A. Aging and Disabling Strategy
In order to determine which gates on mPPUF A can be aged to match those on B and vice versa, consider the delay and aging models presented in Equations 1 and 2, respectively. A gate g A on A can be aged to match its corresponding gate g B on B if and only if: (i) g A originally has lower delay than g B ; and (ii) the V th of g A can be increased enough by static aging to make its delay equal to that of g B . The required V th shift and aging time can be calculated from the two equations.
To allow for fast and low-energy device aging, we augment our mPPUF architecture by adding individual gate input control. The target gates on the mPPUFs can be aged by their respective desired amounts by supplying the gates with their maximally aging inputs. Note that it is beneficial for the two mPPUFs to match the greatest subset of gates possible, in order to maximize simulation complexity, achieve the desired statistical properties, and decrease the probability of coincidence from an unwelcome third party.
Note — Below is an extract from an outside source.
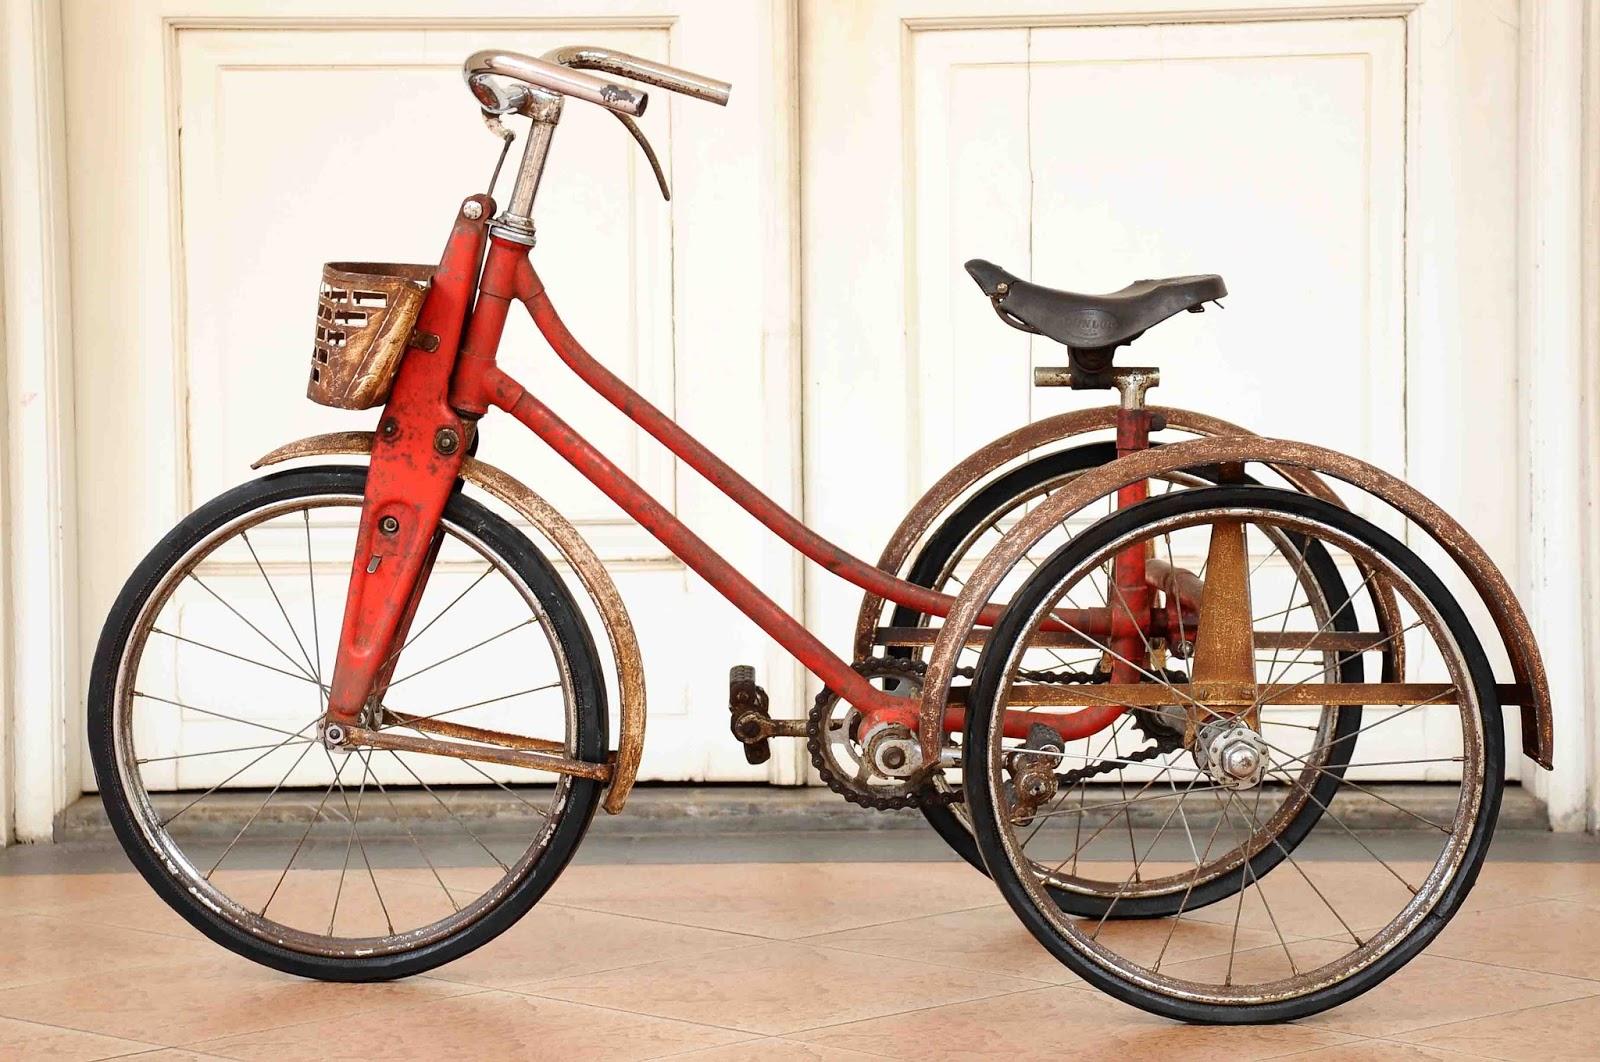 Old Vintage Gallery: Vintage Raleigh Tricycle made in
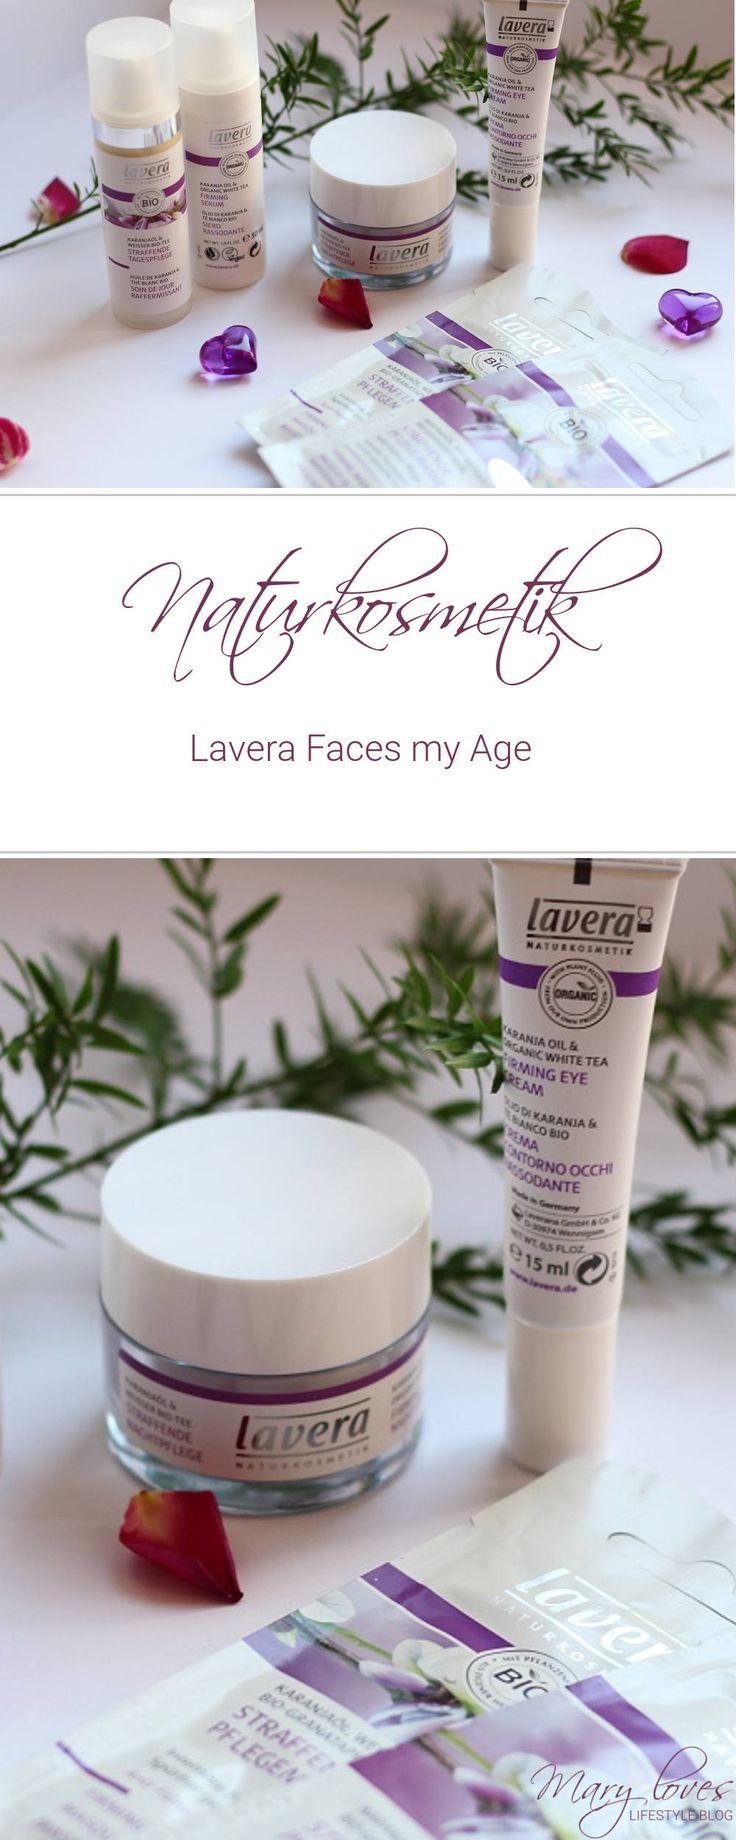 Naturkosmetik - Lavera Faces my Age

The final step in the physical matching process is for all the remaining unmatched gates to be disabled. In order to facilitate gate disabling, we add simple disabling logic (a single multiplexer) to the output of each gate that freezes the output to 1 or 0 if the gate is to be disabled.
B. Energy Optimization
In order to minimize energy spent in transmission while maintaining security, we propose a method to eliminate outputs in three phases. This procedure is based on the observations that the most beneficial outputs in terms of security are (i) those with close to 50% probability of being 0 (1) and (ii) those that are not easily predicted by others. This information can be obtained by applying a small set of input vectors after matching and conducting fast, low-cost statistical analysis.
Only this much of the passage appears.